Many methods have been developed for machinery fault diagnosis addressing only Gaussian noise reduction, the major weaknesses of these methods are their performance for non-Gaussian noise suppression. Modulation signal bispectrum (MSB) is a useful signal processing method with significant advantages over traditional spectral analysis as it has the unique properties of Gaussian noise elimination and demodulation. However, it is susceptible to non-Gaussian noise that normally occurs in the practical applications. In view of the deficiency of MSB, in this paper, an autoregressive (AR) modeling filter was developed based on non-Gaussian noise suppression to improve the performance of MSB for machinery fault detection. The AR model was considered as a pre-filter process unit to reduce the non-Gaussian noise.
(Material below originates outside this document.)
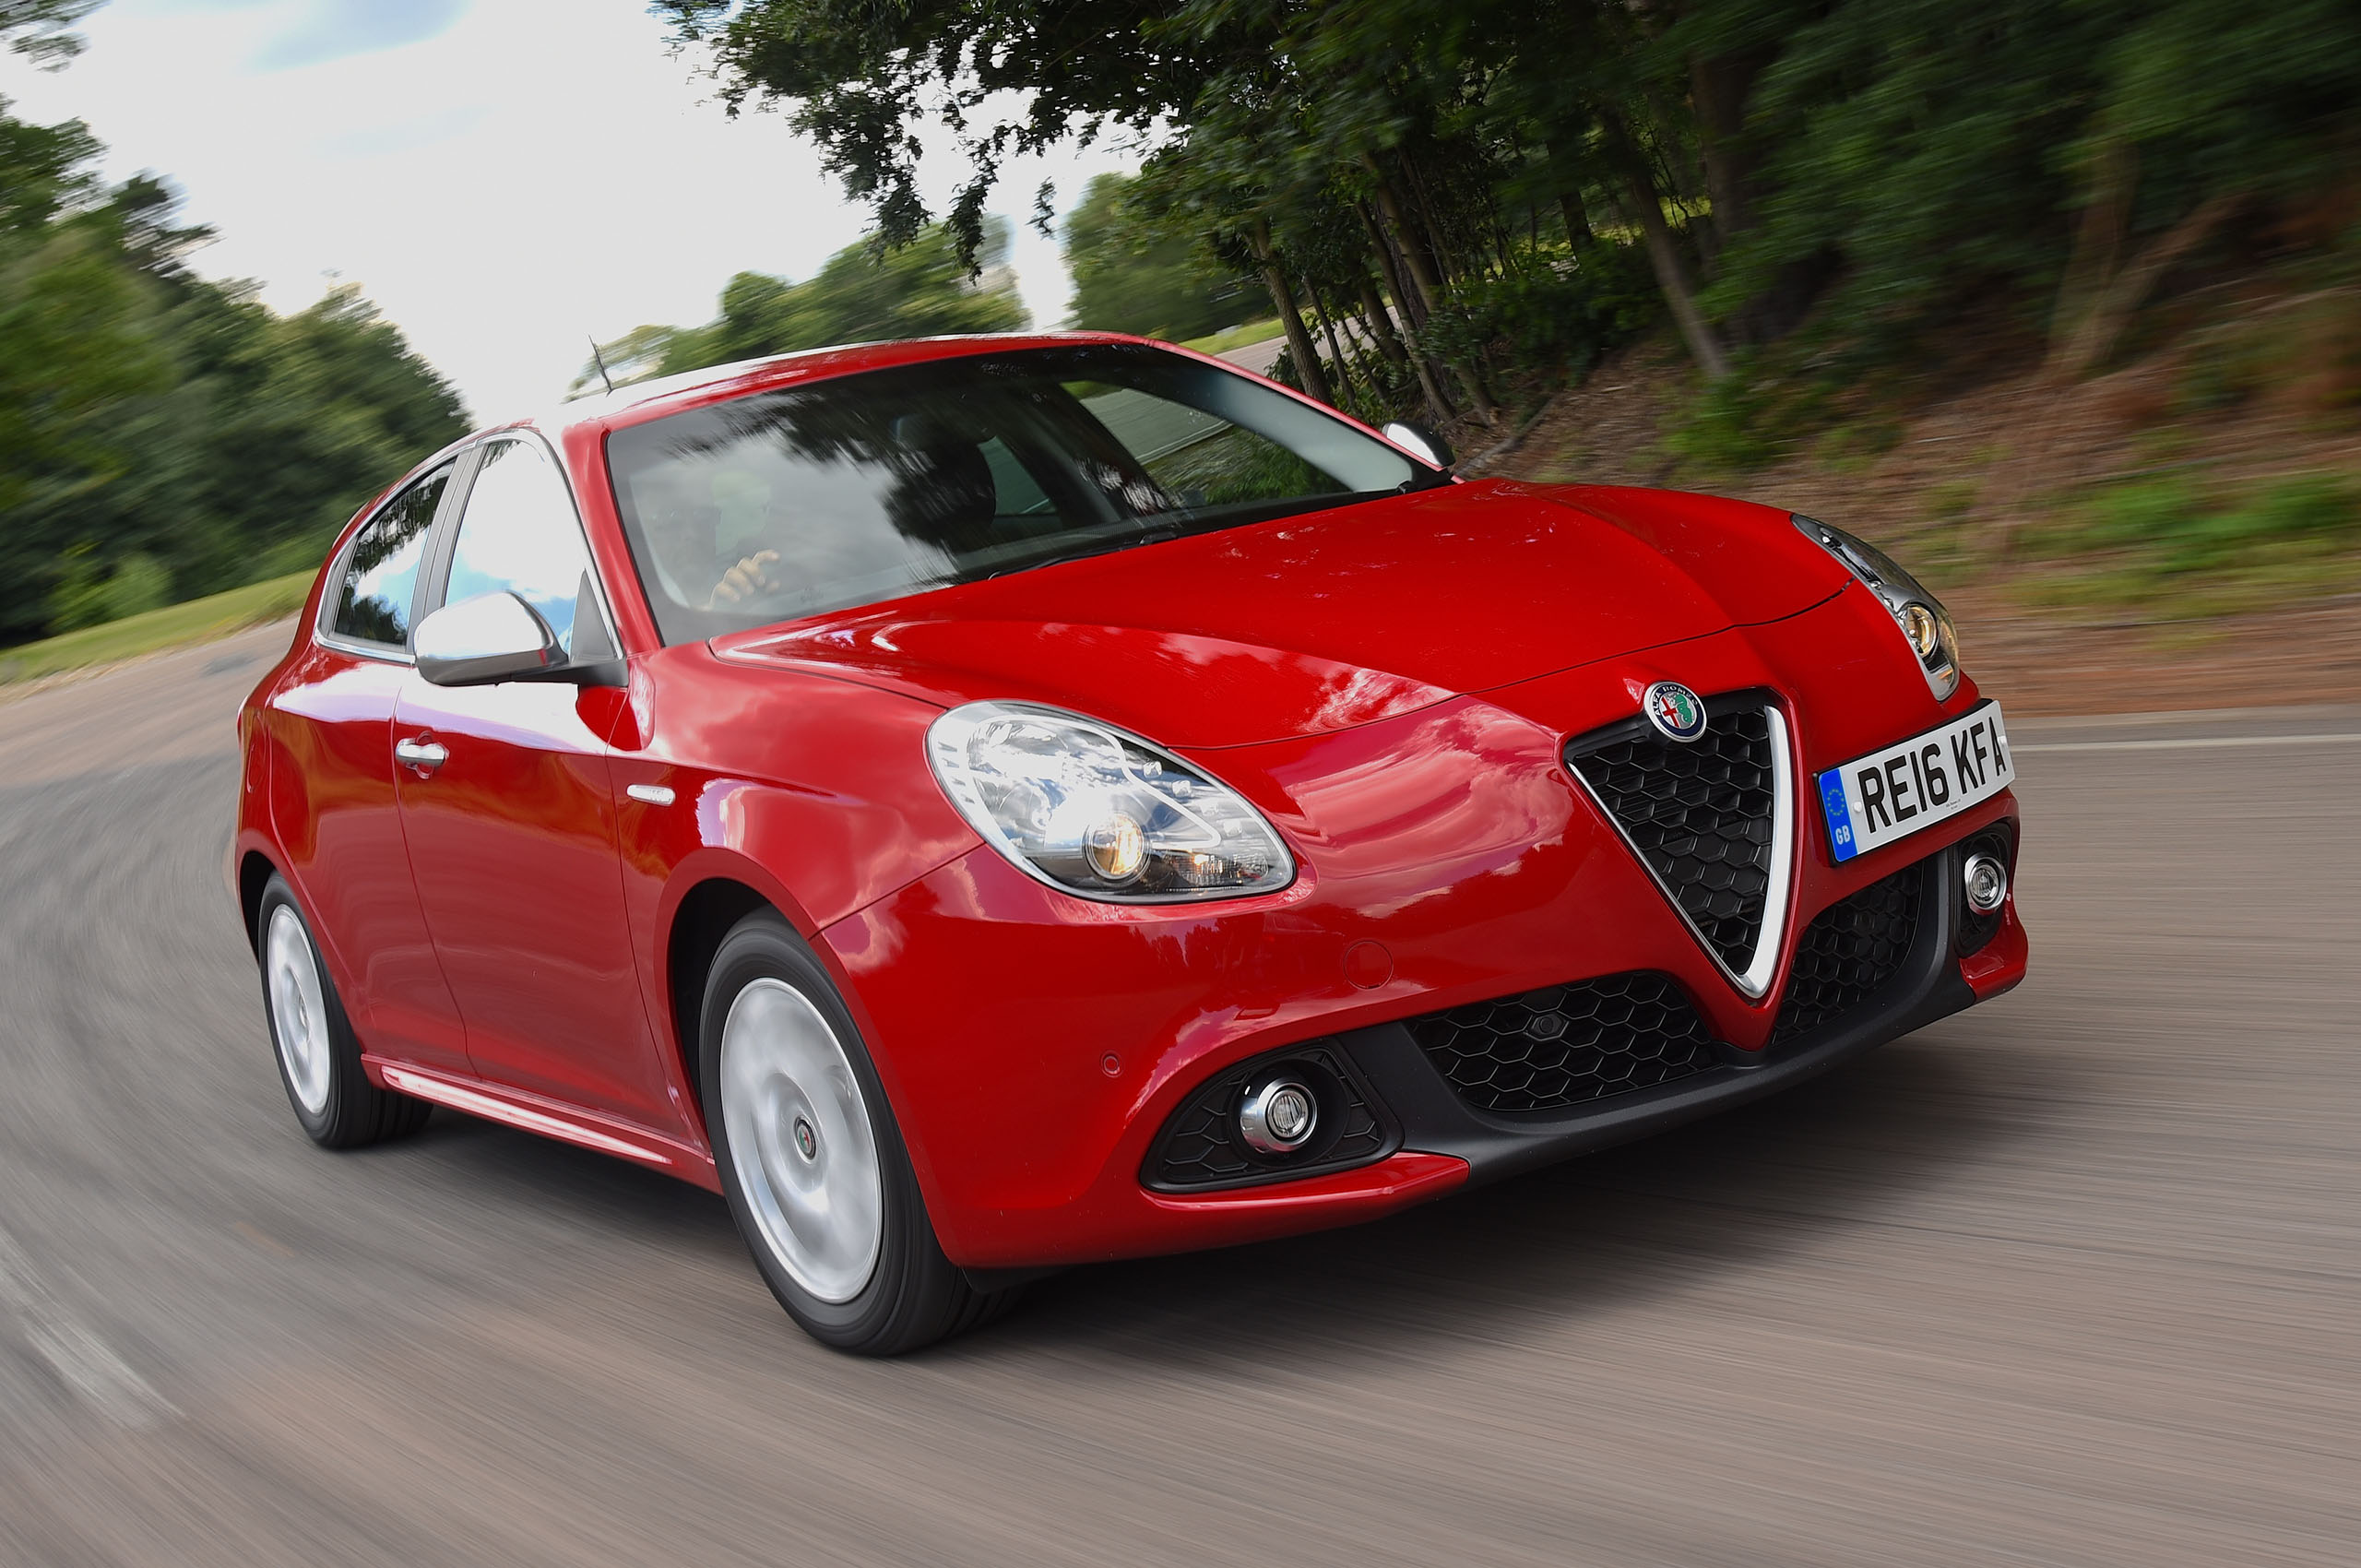 Alfa Romeo Giulietta - Only in Europe, But We Can Still Look

And the order of the AR model, which can affect the performance of the AR filter, was determined adaptively using a kurtosis-based indicator. However, the existing nonlinear modulation components remain in the AR filtered signal. The MSB was then applied to decompose the modulated components and eliminate the Gaussian noise from the filtered signal using AR model for the fault feature extraction accurately. The advantage of the AR model can effectively manage non-Gaussian noise, whereas the MSB can suppress Gaussian noise and is illustrated in the simulation signal. Furthermore, the proposed AR-MSB method was applied to analyze the vibration signals of defective bearings with outer race and inner race faults. By comparison, the proposed approach had a superior performance over conventional MSB and fast kurtogram in extracting fault features and was precise and effective for rolling element bearing fault diagnosis.